Tidak Menuntut, tetapi Memberi yang Terbaik
Oleh Sofia Dorkas Pakpahan, Medan
Deru mesin sepeda motor tetiba berhenti di teras rumah. Aku hafal betul ini pertanda mama sudah pulang dari tempat kerjanya, dan seperti sore sebelumnya, dia masuk sambil membawa plastik besar berisi bakal kain untuk dijahit, tapi mulutnya pun ikut mengomel.
Apa yang diomelkannya berbeda dari biasanya. Bukan karena rumah yang belum selesai dibersihkan atau ember di kamar mandi yang belum terisi penuh, melainkan tentang pelanggan jahitnya. Sebenarnya aku sudah sering mendengar omelannya tentang para pelanggannya, namun yang satu ini adalah yang paling sering kudengar. Si pelanggan menuntut bajunya dipayet dengan sangat bagus sementara bayarannya jauh lebih sedikit dari bayaran semestinya.

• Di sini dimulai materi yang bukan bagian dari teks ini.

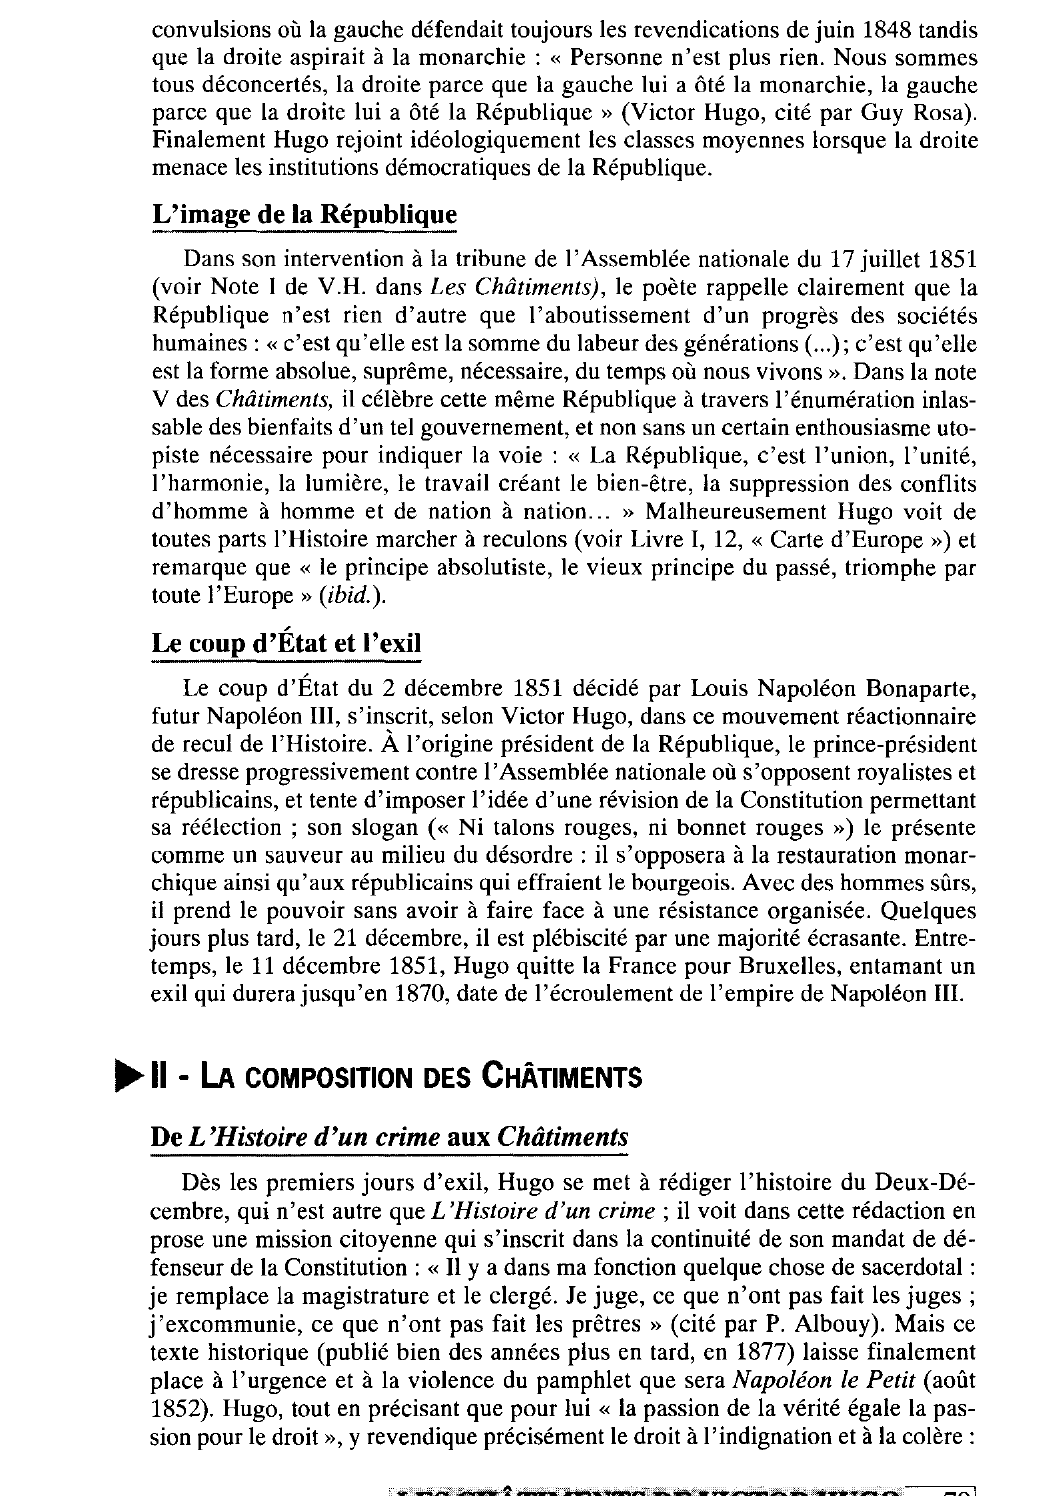 Prévisualisation du document Présentation générale des Châtiments de Victor Hugo

Fyi, payetan adalah bentuk hiasan yang diberikan pada baju agar hasil jahitan lebih berkilau dan cantik. Dengan kesabaran yang diusahakan mencapai 100%, mama menerbitkan senyuman kepada pelanggan tersebut dan mencoba menjelaskan bahwa untuk mendapatkan payetan yang bagus maka bayarannya juga harus sesuai. Yah sesuai istilah, “Ada barang ada harga”. Namun, pada akhirnya proses tawar menawar ini berakhir dengan mama yang setuju dengan harga yang ditawarkan si pelanggan. Pelanggannya pulang dengan hati bahagia, sementara mama pulang dengan penuh omelan. Tidak banyak yang bisa aku lakukan selain mencoba menyemangati mama.
Sekilas kejadian yang mama alami mengingatkanku pada cerita tentang janda miskin yang memberikan dua peser persembahannya (Markus 12: 41-44). Janda itu mampu memberikan semua kepunyaannya kepada Tuhan. Aku sedikit meringis ketika mengingat bahwa aku, atau juga banyak orang Kristen yang memperhitungkan berapa persembahan yang akan diberinya, kemudian meminta banyak hal dari Tuhan.

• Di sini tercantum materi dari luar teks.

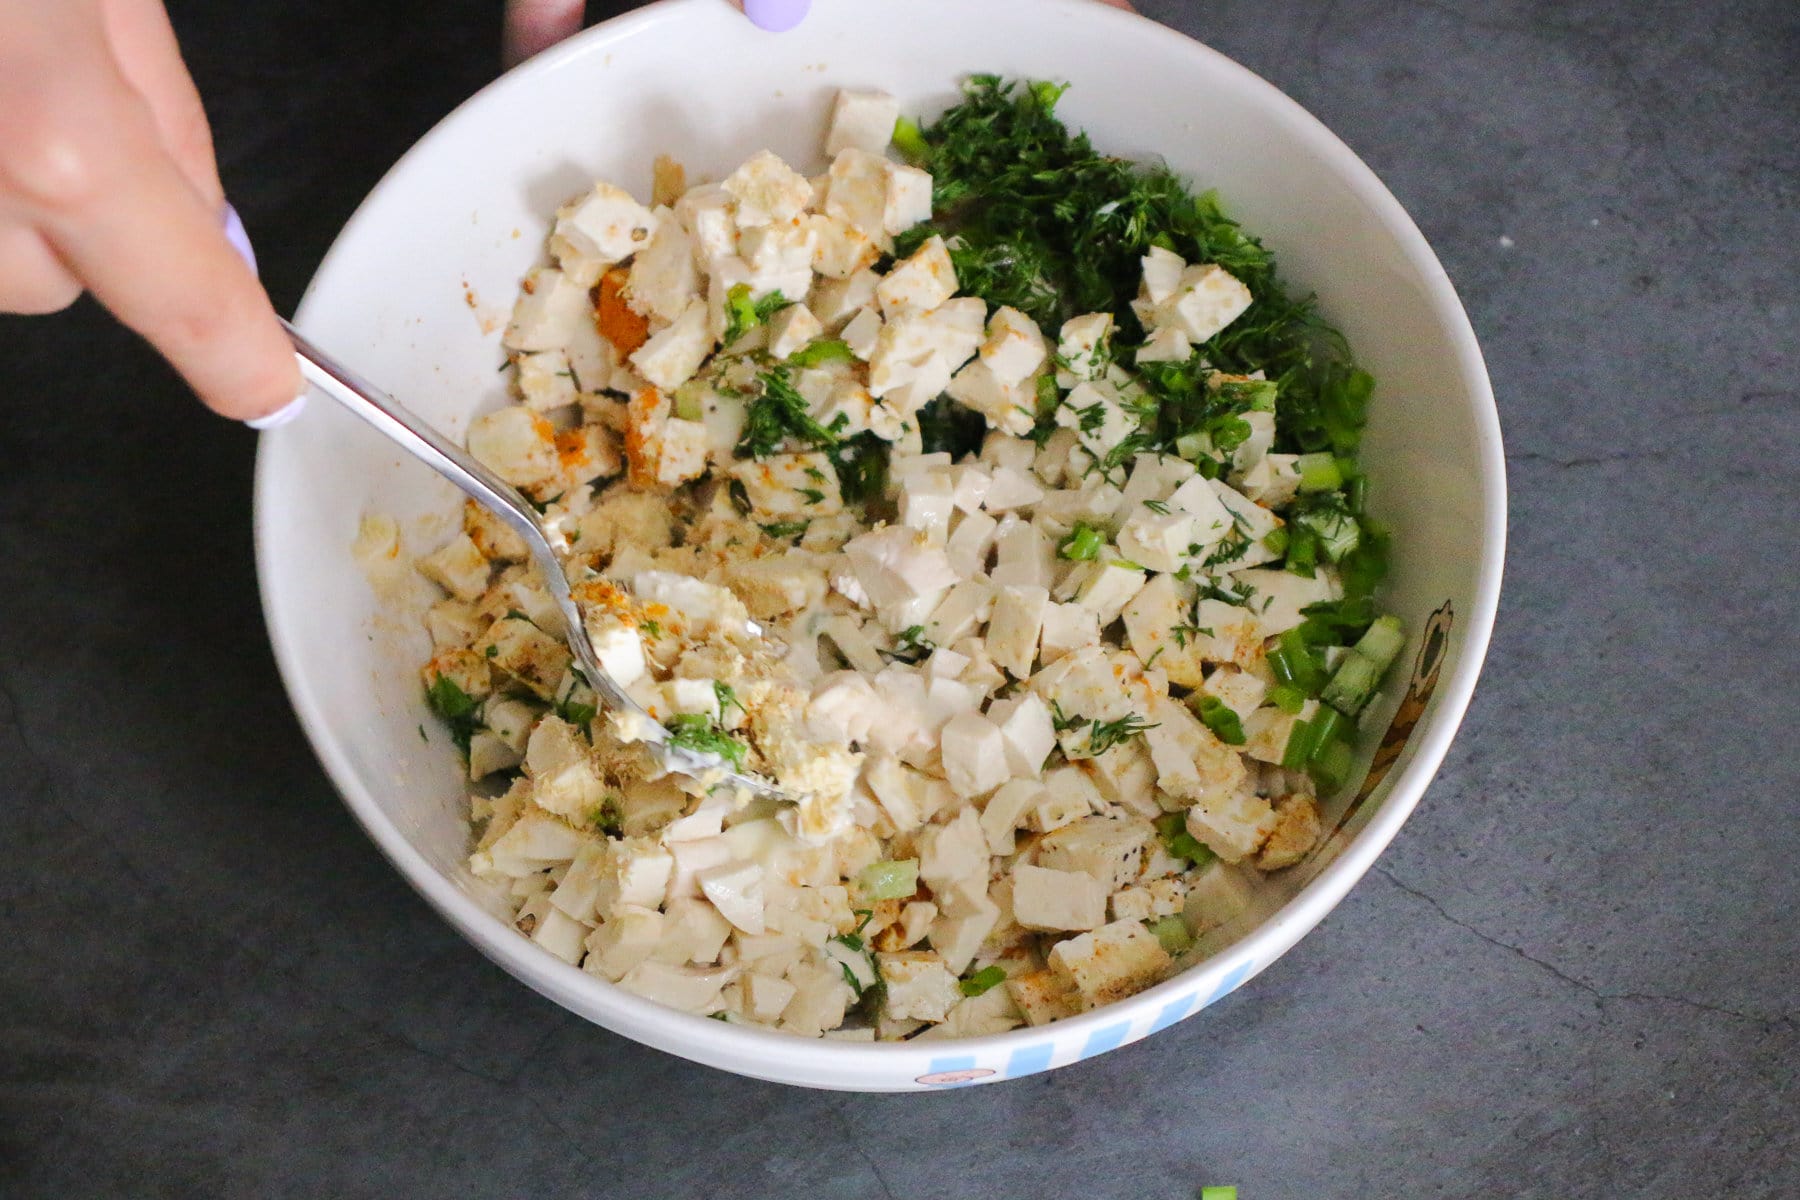 Mix the vegan egg salad

Kadang ketika memberi persembahan kepada Tuhan, kita seringkali bersikap seperti pelanggan jahit mamaku yang meminta yang terbaik untuk bajunya tetapi enggan membayar harga yang sepadan. Kerap kali kita menuntut yang terbaik dari Tuhan, tetapi kita sendiri tidak mengerjakan bagian kita dengan bertanggung jawab. Kita mampu meluangkan waktu setiap hari untuk bekerja atau bersekolah, tetapi masih mikir-mikir untuk pergi ke gereja di hari Minggu. Kita terlalu sibuk dengan segala urusan kita hingga lupa meluangkan waktu untuk berdoa kepada Tuhan. Namun, ketika kondisi kita berubah dan kita mengalami kesulitan, barulah kita datang kepada Tuhan.

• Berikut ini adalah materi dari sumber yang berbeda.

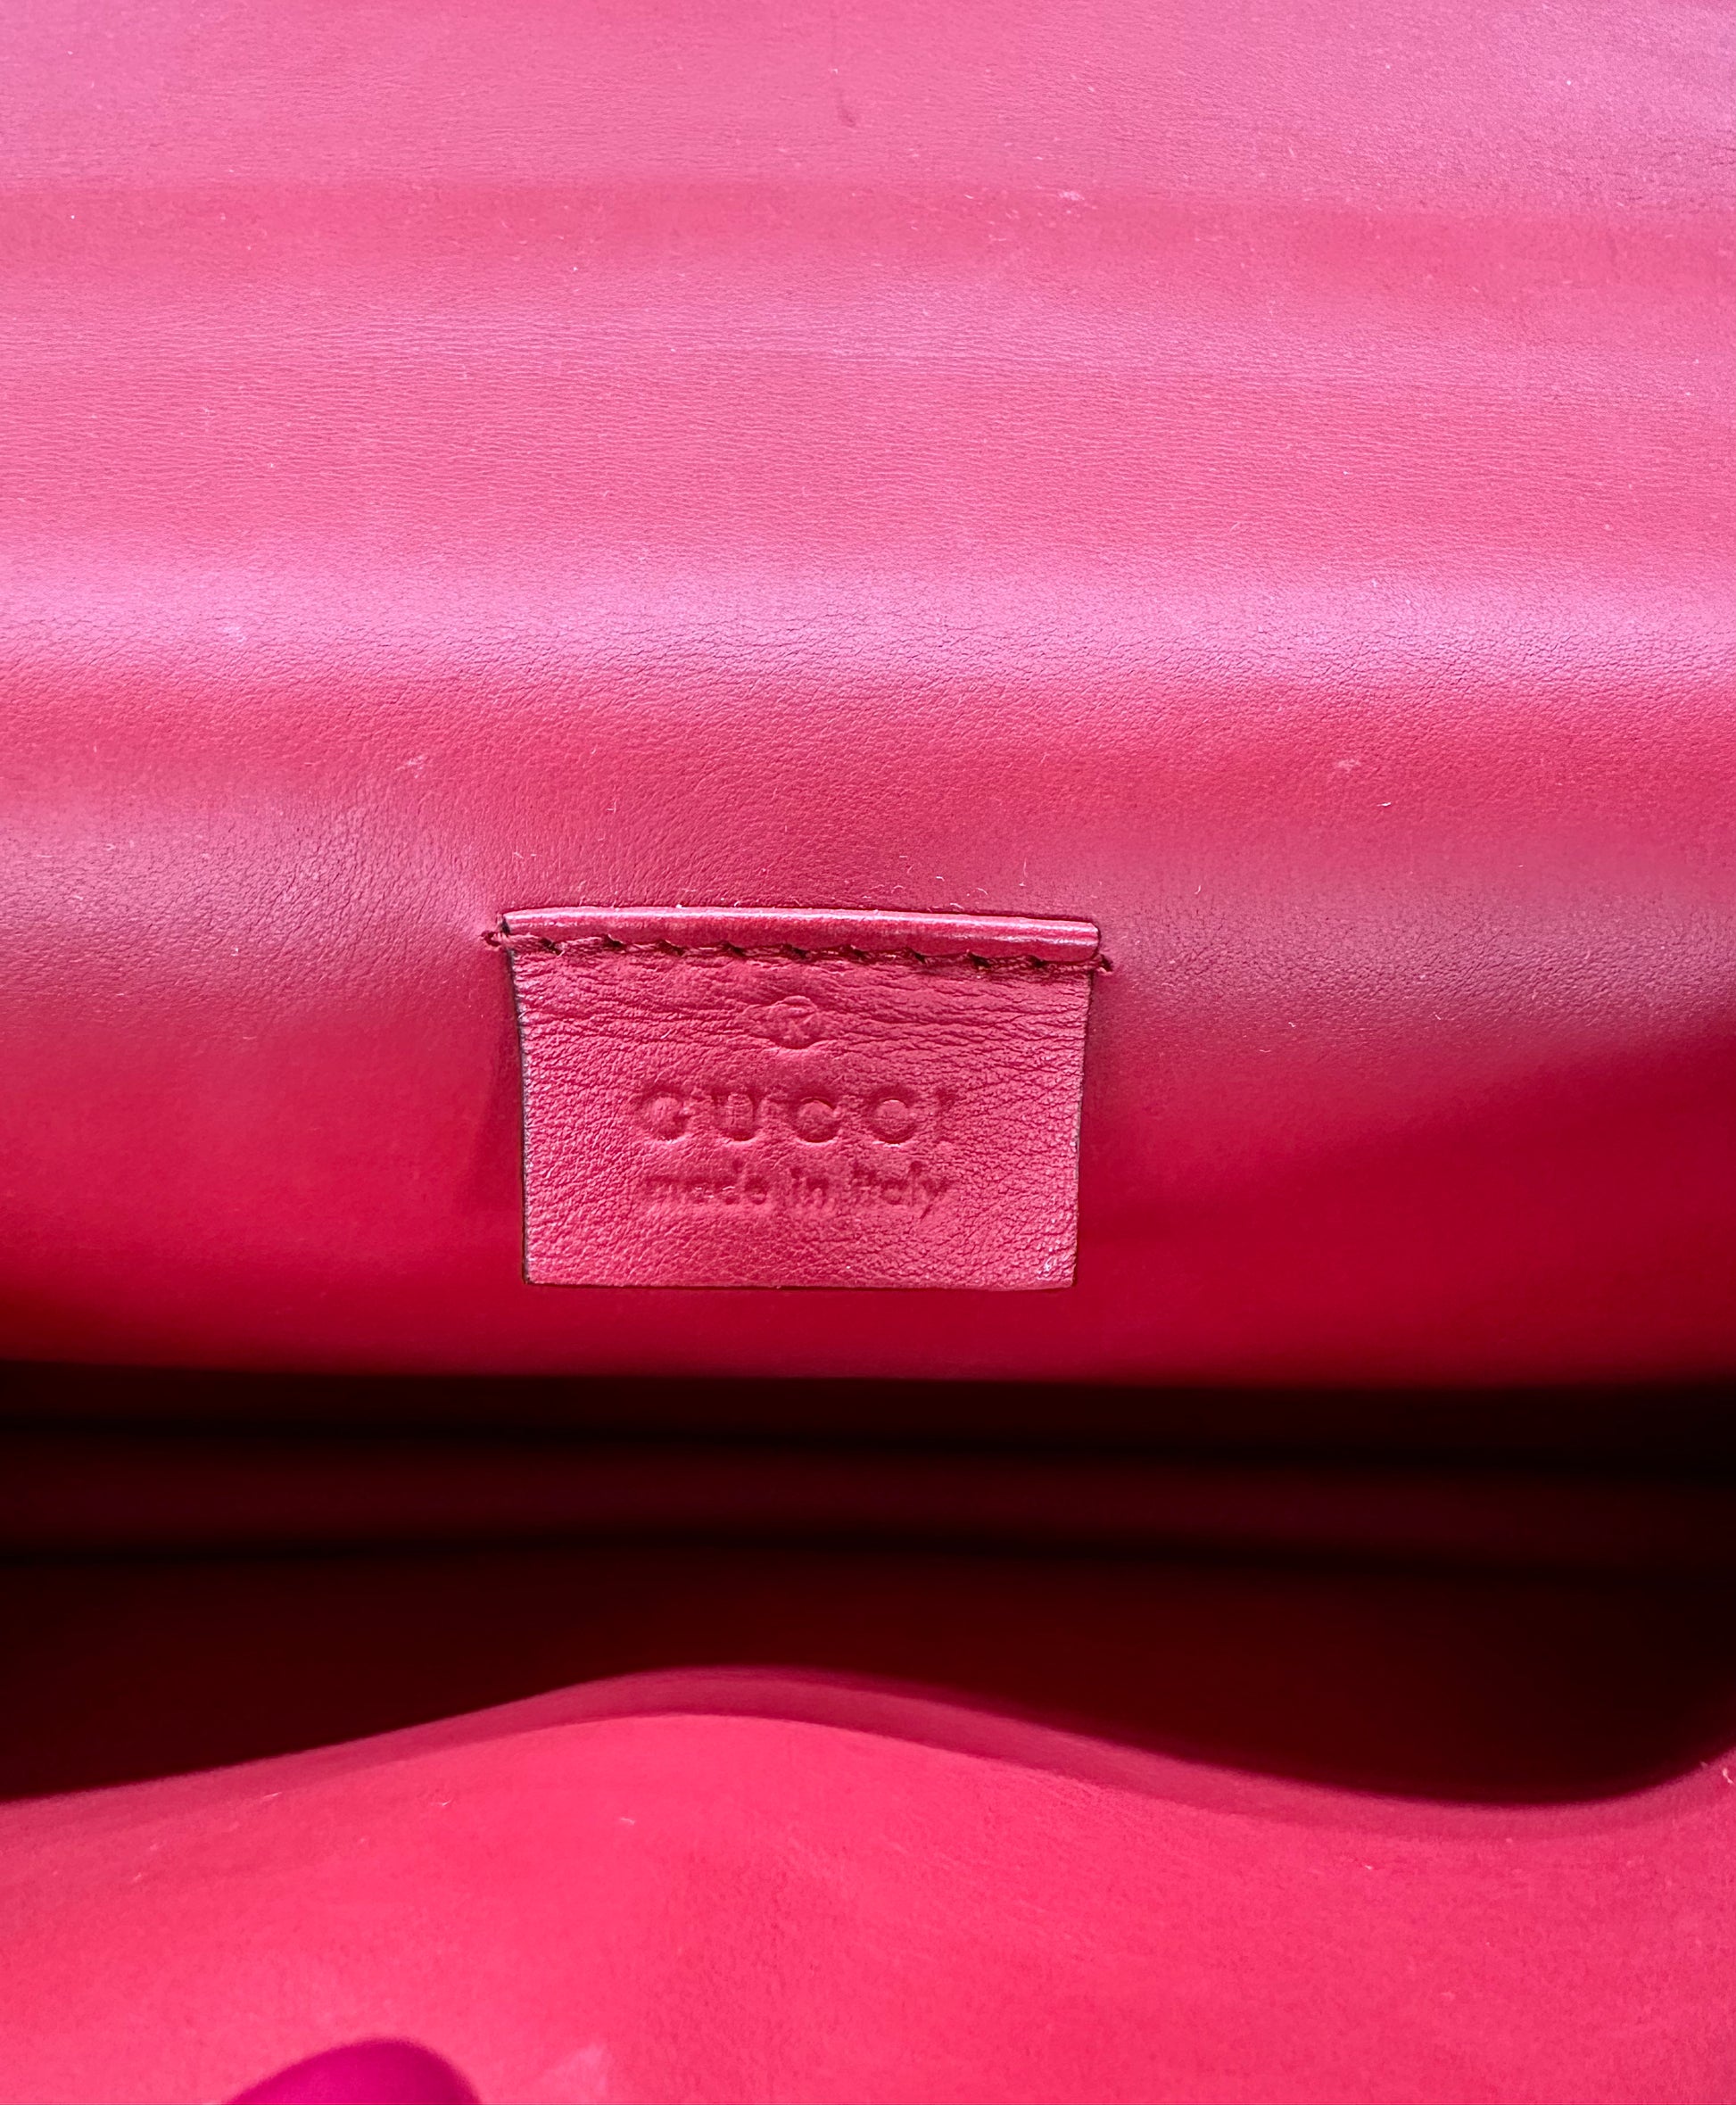 Close up of Gucci tag

Sesungguhnya, Tuhan tidak melihat seberapa banyak yang kita bisa berikan buat Dia, yang dilihat-Nya adalah kesungguhan hati kita. Sama seperti cerita janda miskin yang memberi dua peser—jumlah yang sangat sedikit bagi orang lain, namun begitu berharga di hadapan Tuhan karena itulah segalanya yang dia miliki. Dua peser menjadi bermakna besar bukan karena nominalnya, tetapi karena sikap hati yang mendasarinya.
Aku ingat ketika mama mengatakan, “Persembahan itu bukan dari besarnya jumlah yang kita berikan, melainkan dari hati yang bersukacita ketika memberi persembahan kepada Tuhan”. Persembahan juga tidak selalu tentang uang, tetapi kita juga bisa memberikan talenta kita sebagai persembahan yang terbaik bagi Tuhan. Apapun yang terbaik yang kita miliki, berilah itu kepada Tuhan. Karena ketika kita mampu memberi yang terbaik bagi Tuhan, maka Tuhan pun akan memberkati kita dengan berkat-berkat yang melimpah.
Omelan mama sore ini cukup menyadarkanku untuk tidak cuma tahu “menuntut”, tetapi belajar untuk “memberi yang terbaik”, terutama kepada Tuhan.